_TASK ITEM_. No picture should appear in the copy. Transcribe exactly, and only, the lines from the one with "Train travelling Bangladesh." through the last line of the data below.

_DATASET SECTION_.
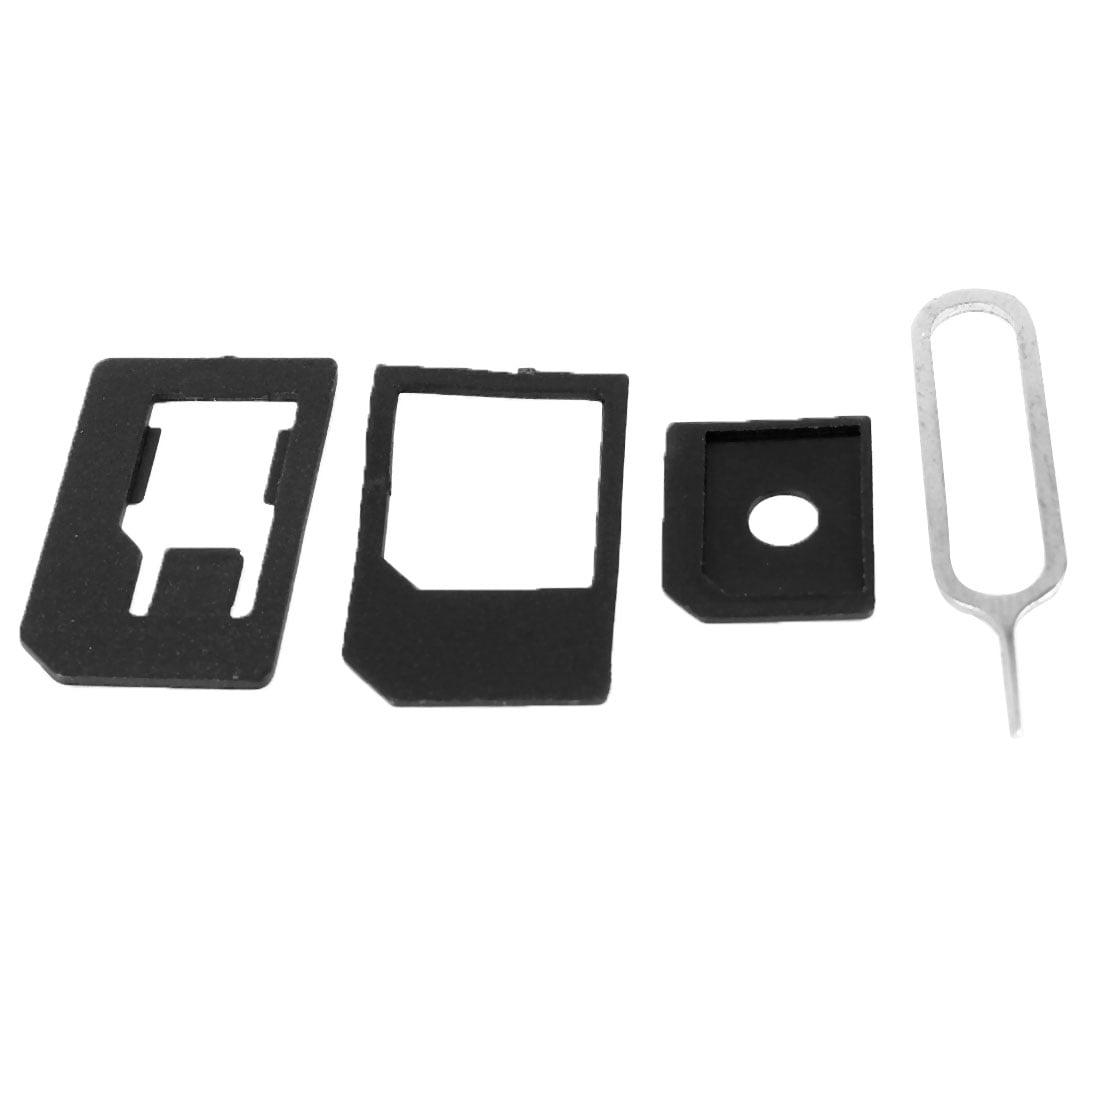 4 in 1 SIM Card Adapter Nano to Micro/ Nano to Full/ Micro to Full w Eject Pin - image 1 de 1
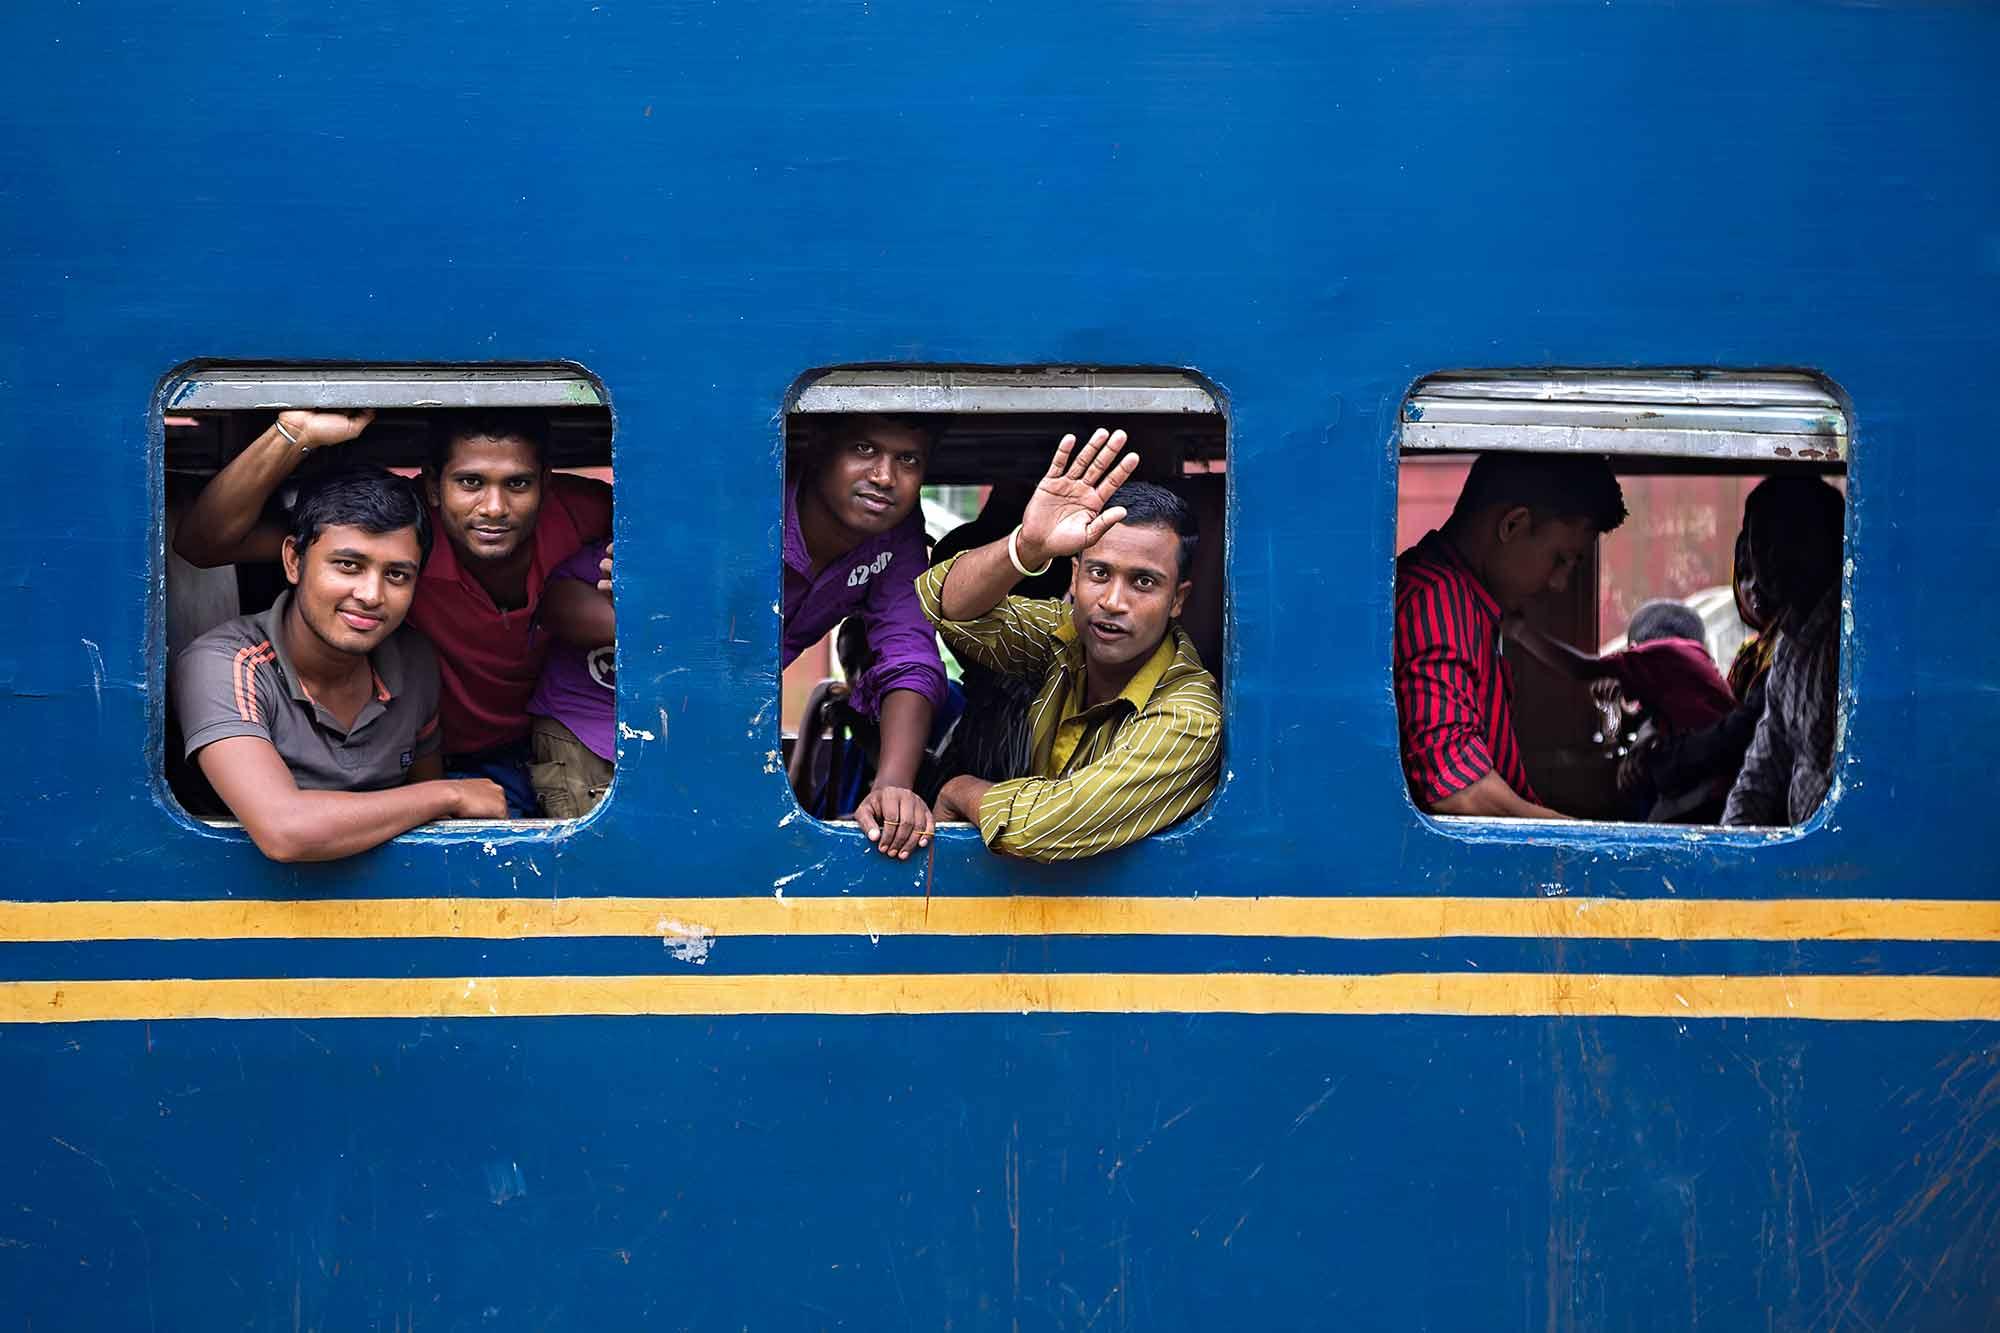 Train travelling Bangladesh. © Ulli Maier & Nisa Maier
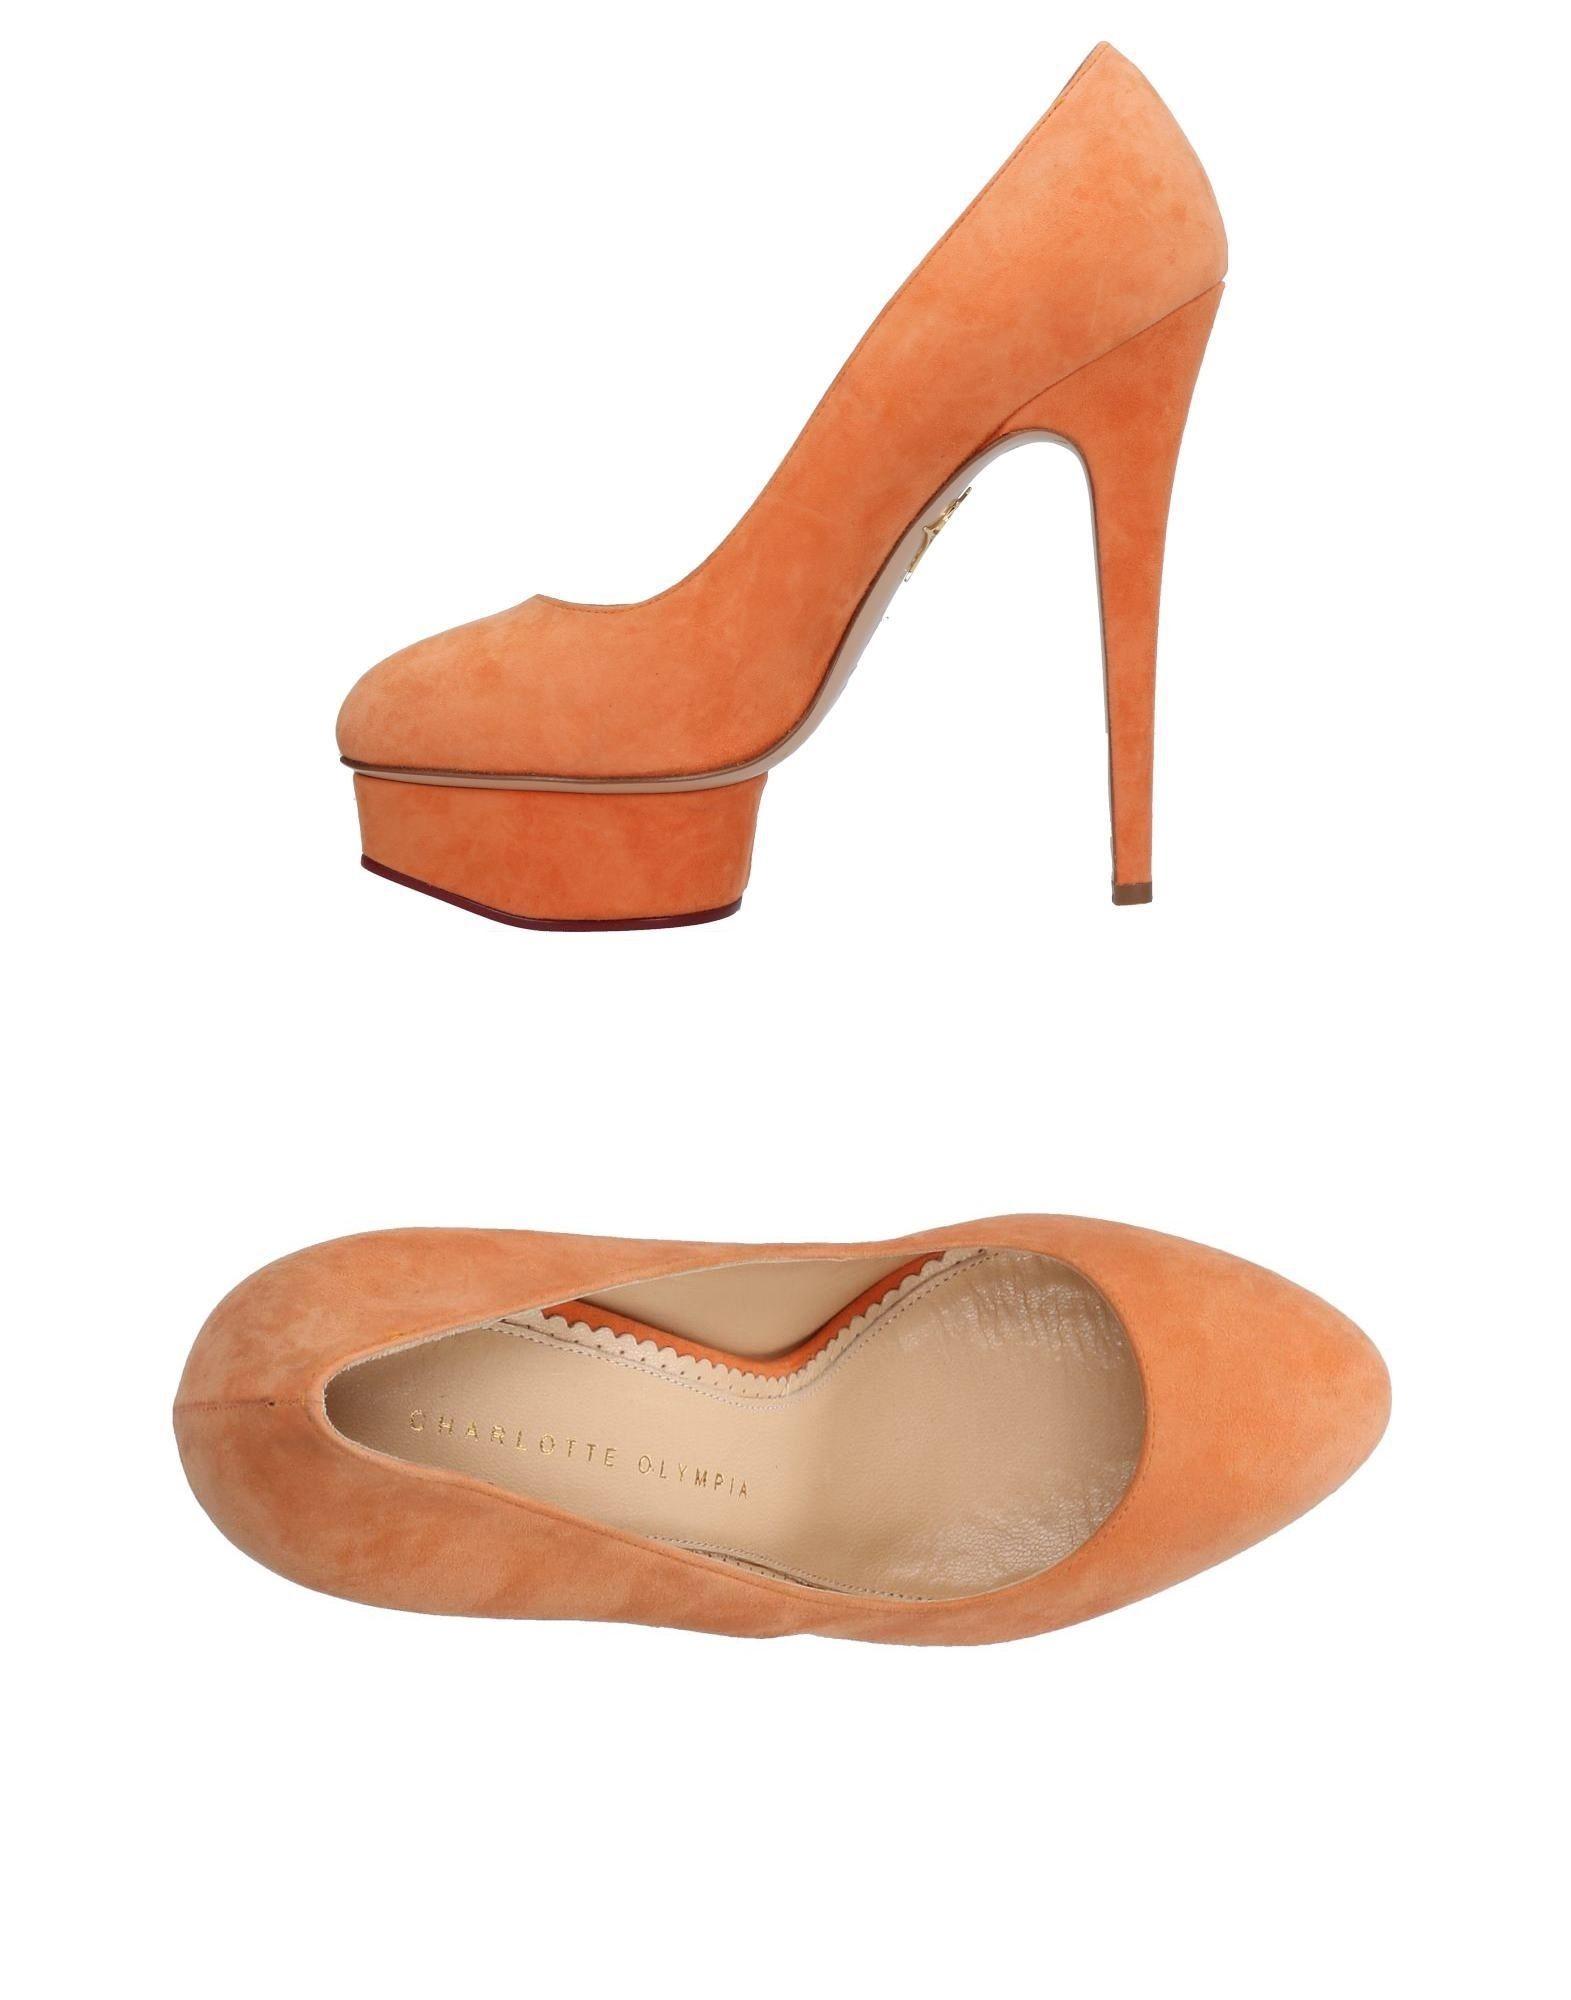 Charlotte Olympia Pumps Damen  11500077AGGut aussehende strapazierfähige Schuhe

_SOLUTION FOR THIS TASK_.
 Train travelling Bangladesh. © Ulli Maier & Nisa Maier
 Charlotte Olympia Pumps Damen  11500077AGGut aussehende strapazierfähige Schuhe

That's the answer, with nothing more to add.